Required work » Every line of the listing should be retyped exactly, but none of the pictures should be.

Raw data »

-------------------------

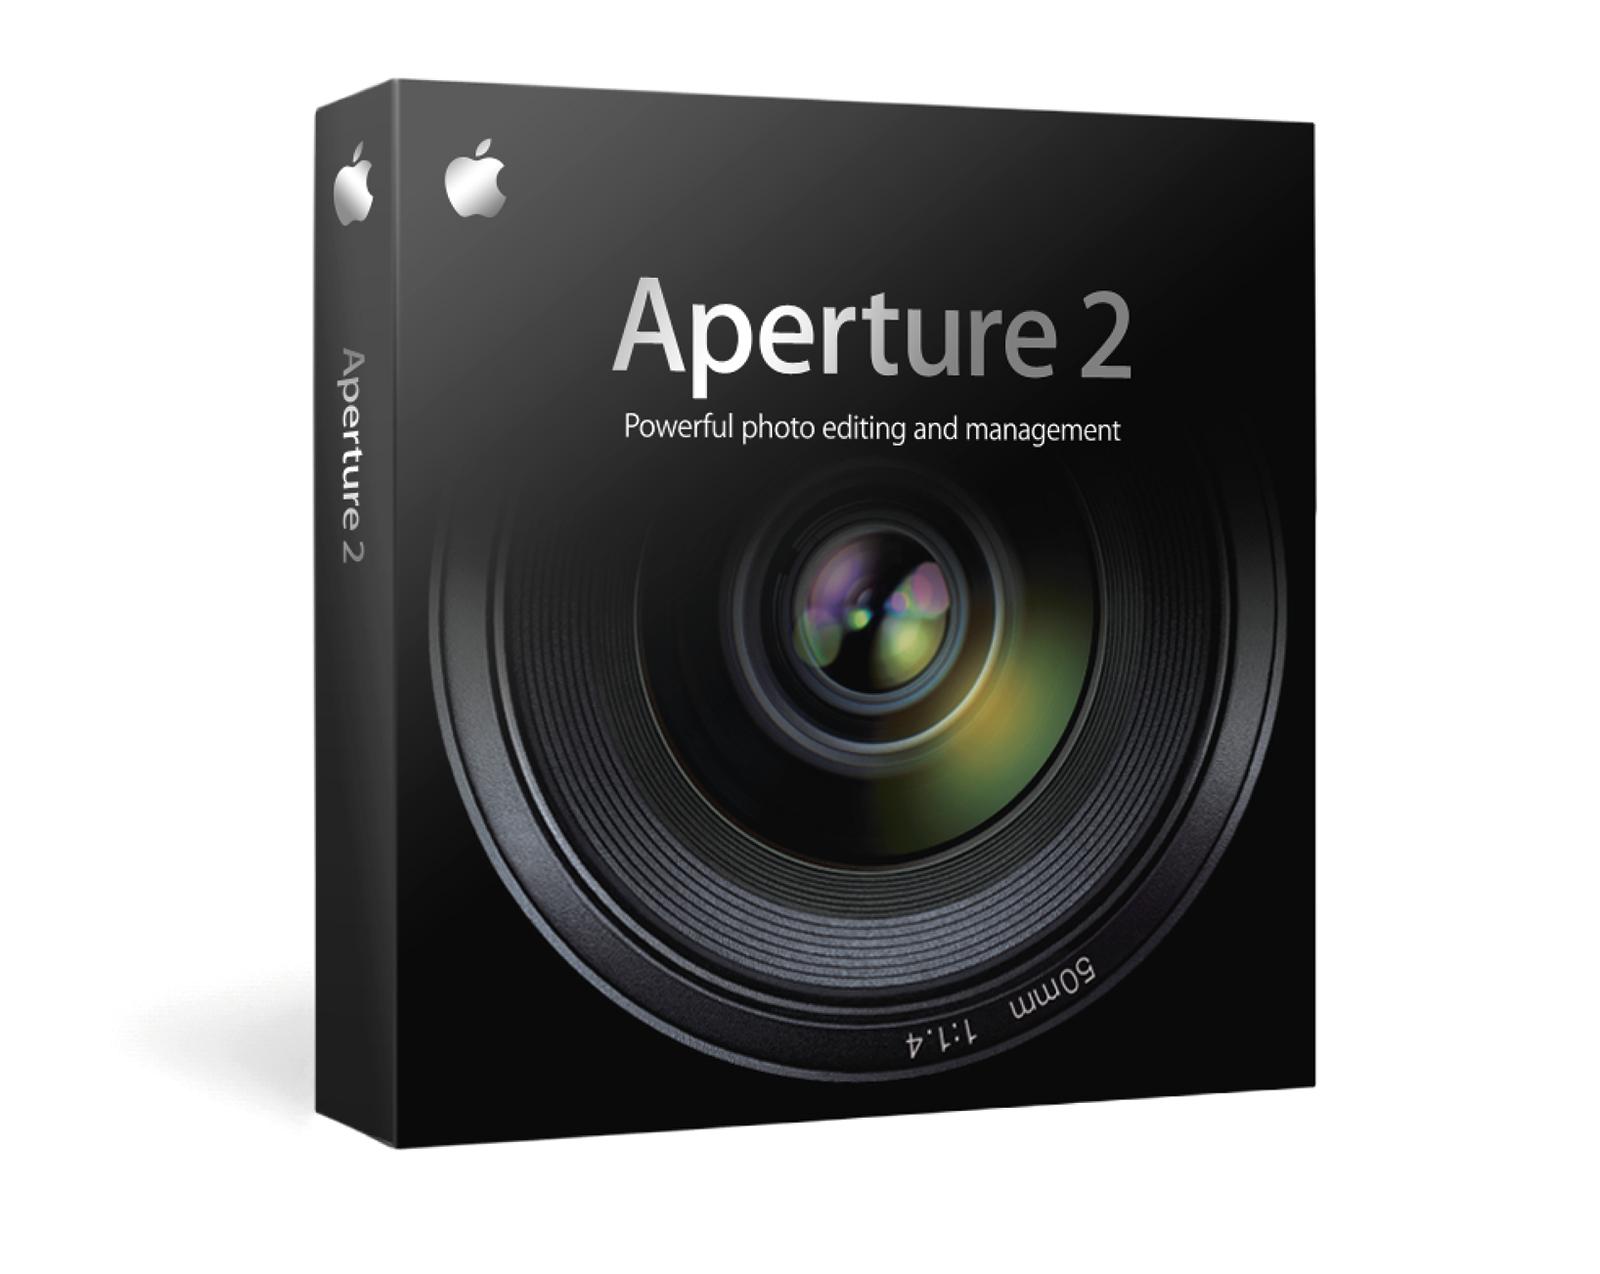 aperture2_box
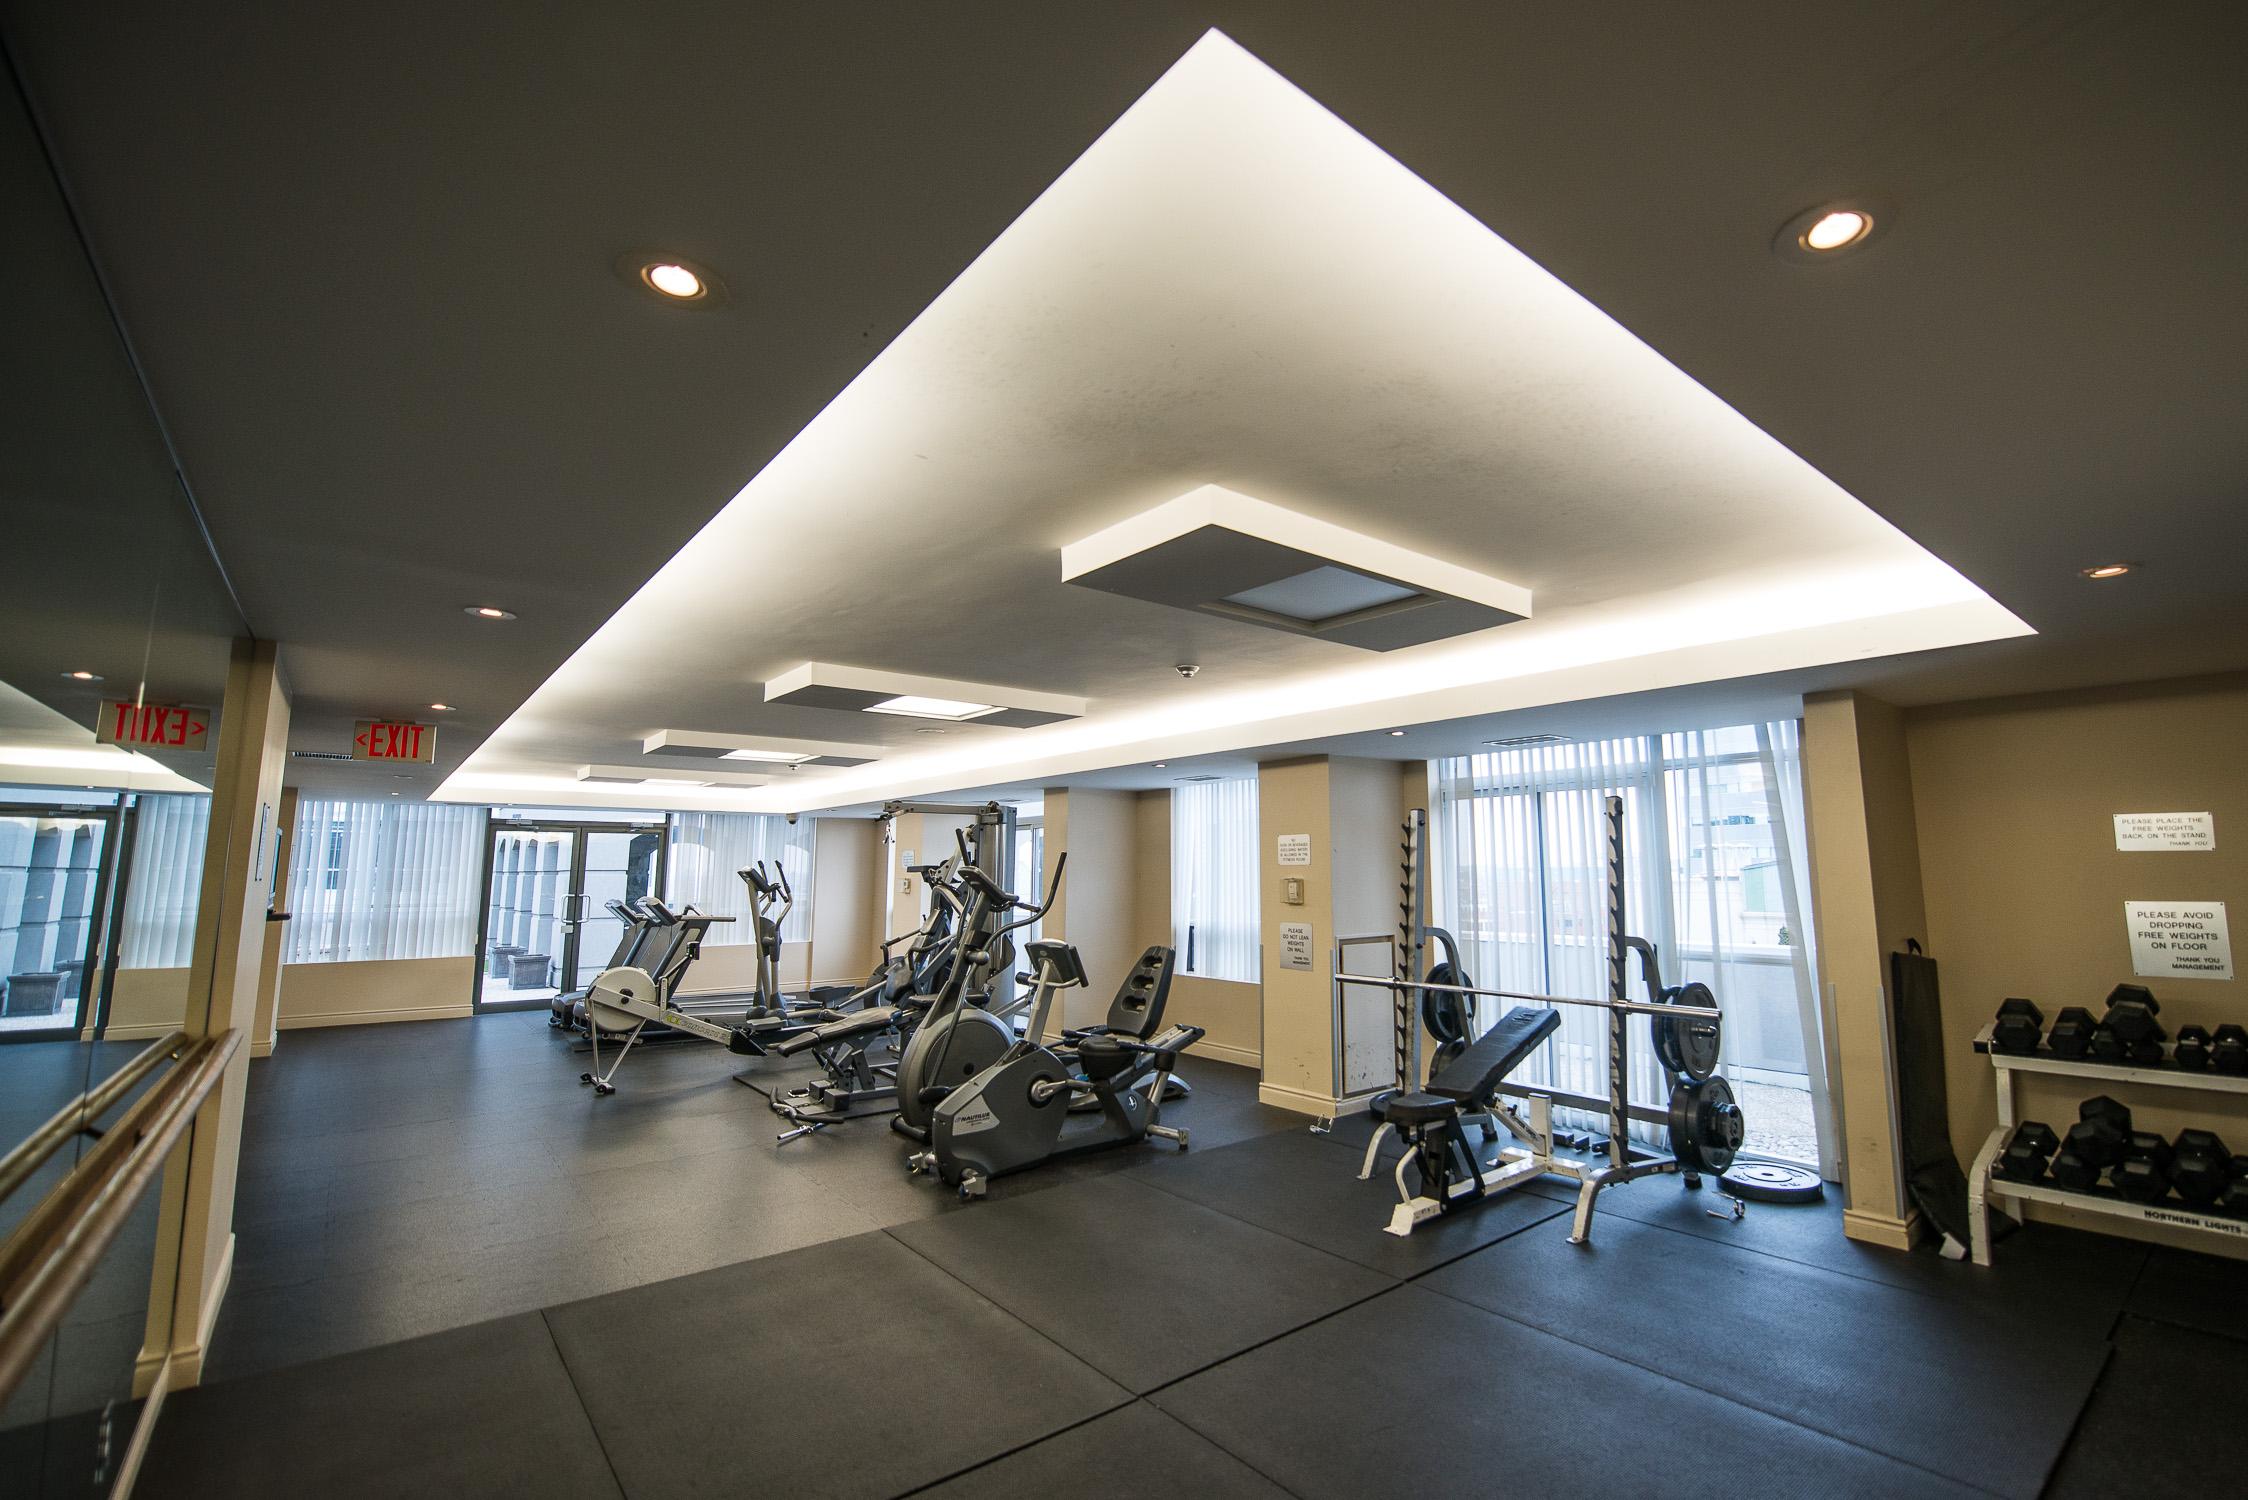 furnished apartments toronto university plaza fitness centre
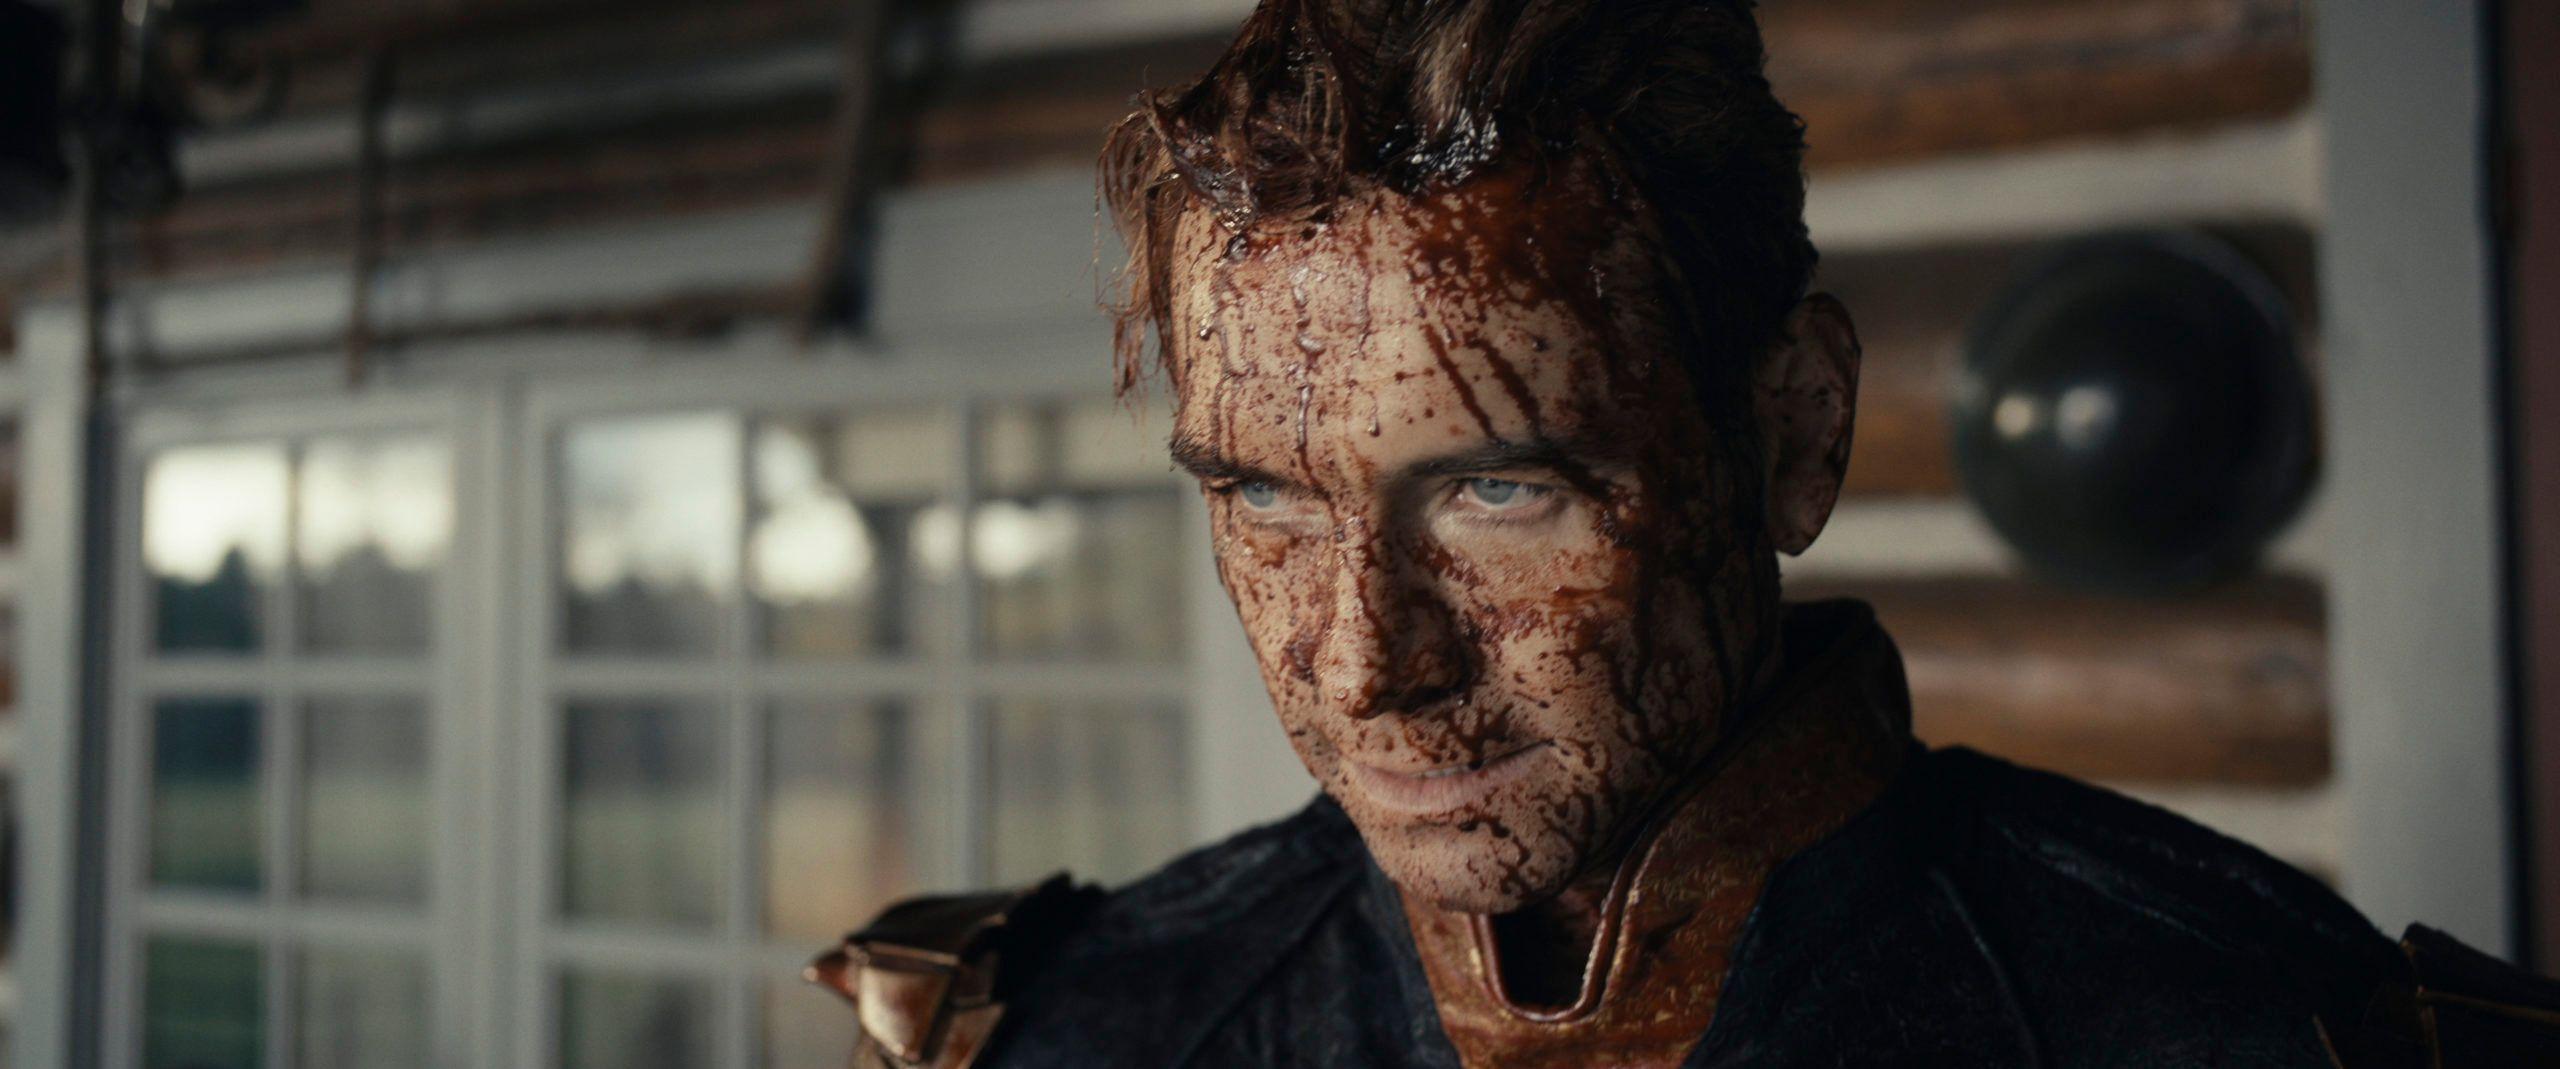 The Boys: Antony Starr on Homelander's Season 3 Fate | Collider
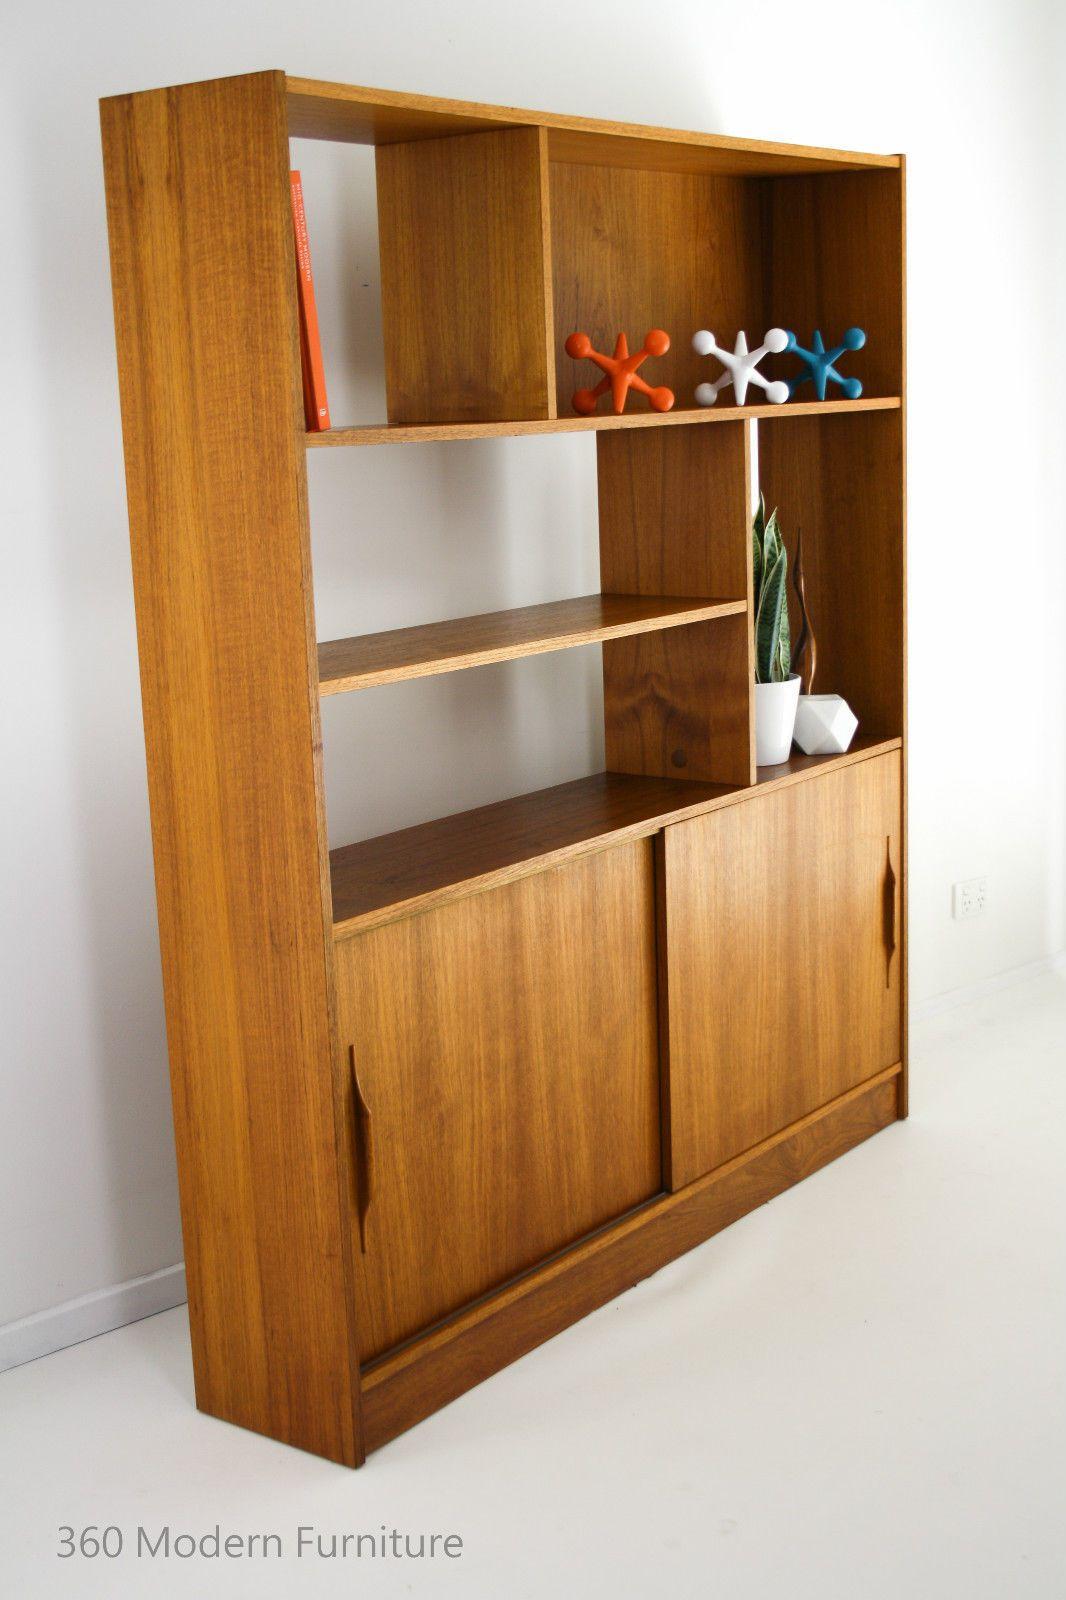 Modern Furniture Wall Units mid century room divider wall unit bookcase teak shelves retro

-------------------------

Task answer »
 aperture2_box
 furnished apartments toronto university plaza fitness centre
 The Boys: Antony Starr on Homelander's Season 3 Fate | Collider
 Modern Furniture Wall Units mid century room divider wall unit bookcase teak shelves retro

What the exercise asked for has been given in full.